Just because every thing's changing
Doesn't mean it's never been this way before
We are shifting to a new-location I cannot tell you because of security reasons. I had just made the Manor my home, and now… All this change is shaking me up.
This horror, this gut-wrenching terror I feel is not new at all. I felt the same way when I saw Voldemort pointing his wand at your Daddy last year. I will always be grateful to Quidditch. It taught your father life-saving reflexes.
Of course I'll also be grateful to Padfoot, who fought by your father's side when I was dueling his bitch sadistic cousin Bella.
Nice relatives Sirius has, don't you think?
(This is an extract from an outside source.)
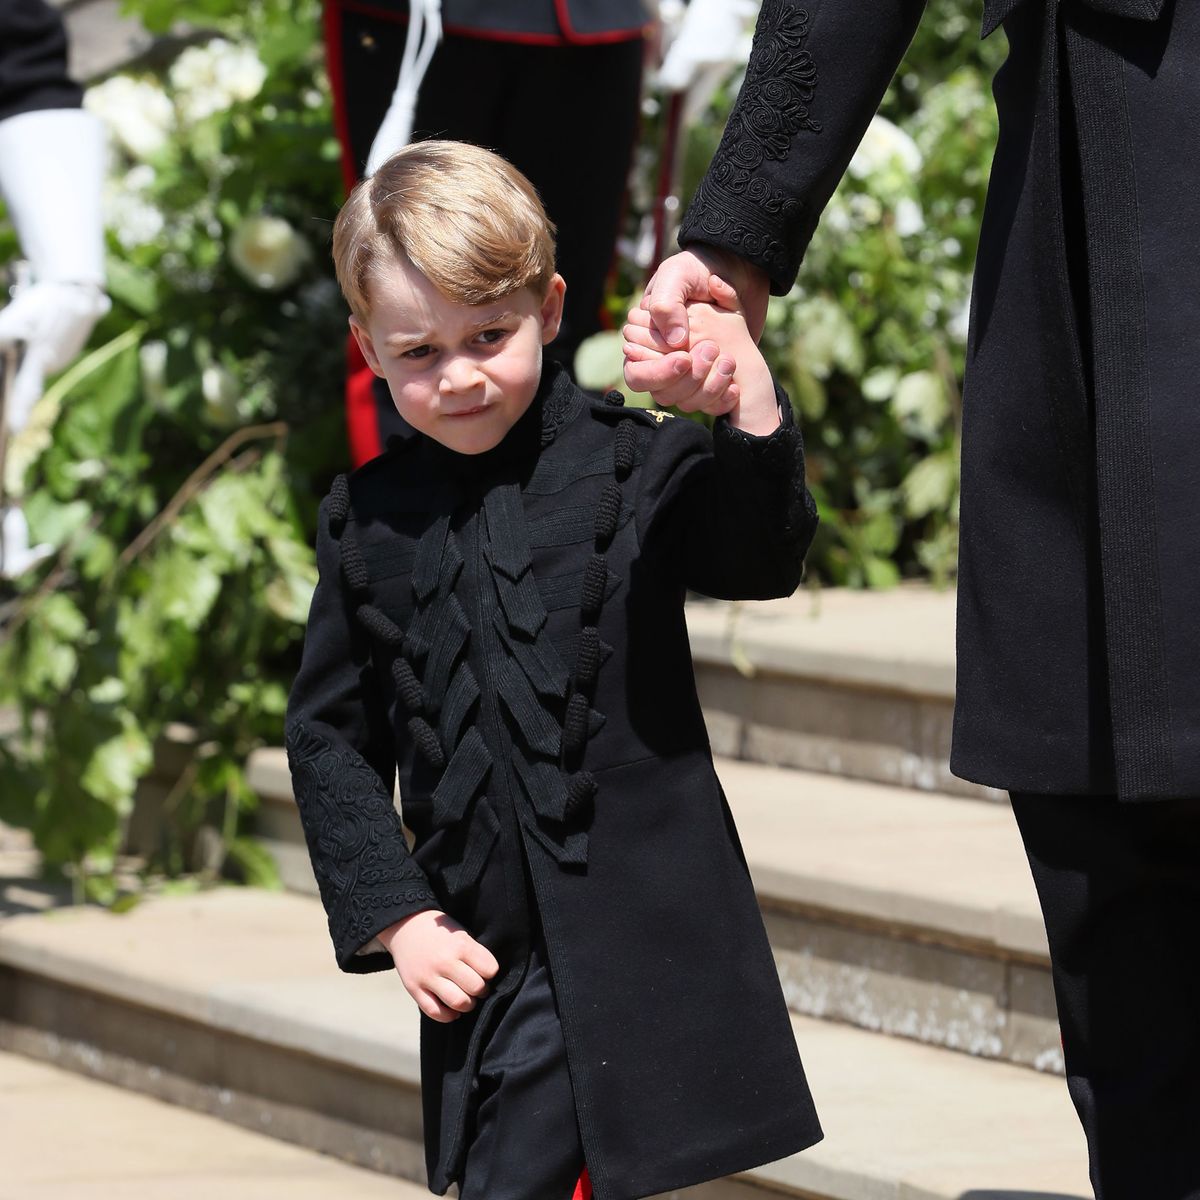 windsor, united kingdom   may 19  prince george leaves st georges chapel at windsor castle after the wedding of prince harry, duke of sussex and meghan markle on may 19, 2018 in windsor, england photo by brian lawless   wpa poolgetty images

If he ever introduces any of them to you, I'm gonna throw lightening at him from the heavens.
All you can do is try to know Pick a star on the dark horizon
Who your friends are as you head off to the war
And follow the light
All the advice I can give you, my child, is that chose your friends wisely, with heart as well as mind. During a war, they can be your best assets, and may know some life-altering answers to questions you don't know about.
Decide a set of morals that suit your conscience, and just follow the light of what your heart tells you to do. That is what I did when I found out I was in love with your Dad. That is, after I regained consciousness.
You'll come back You'll come back
When it's over
No need to say goodbye
When it's over
No need to say goodbye
Don't worry. Once all your earthly responsibilities are done, we can be together again. We'll have all eternity for reconciliation. If you're dead, it means both of us—and probably Padfoot and Moony too—are dead too. So don't worry, we'll have a rocking party in heaven that will make all the angels or whatever stand up and notice. Promise.
Now, we're back to the beginning
It's just a feeling and no one knows yet
But just because they can't feel it too
Doesn't mean that you have to forget
If you're old enough to operate this vault, I am pretty sure you're scared too. You must understand the feelings I explained in the beginning of the letter completely. I know the frustration when nobody else feels as you do. And nobody understands. But please…don't be so scared. Be strong. For us, your parents. Don't forget, love. Don't forget us.
Let your memories grow stronger and stronger
'Til they're before your eyes
I hope we spend a lot of time with you after you're born, but even if we don't, remember us. Let your memories of your parents take you through the toughest patches of your life, my child. I'll always be there. So will Daddy. All you have to do is look.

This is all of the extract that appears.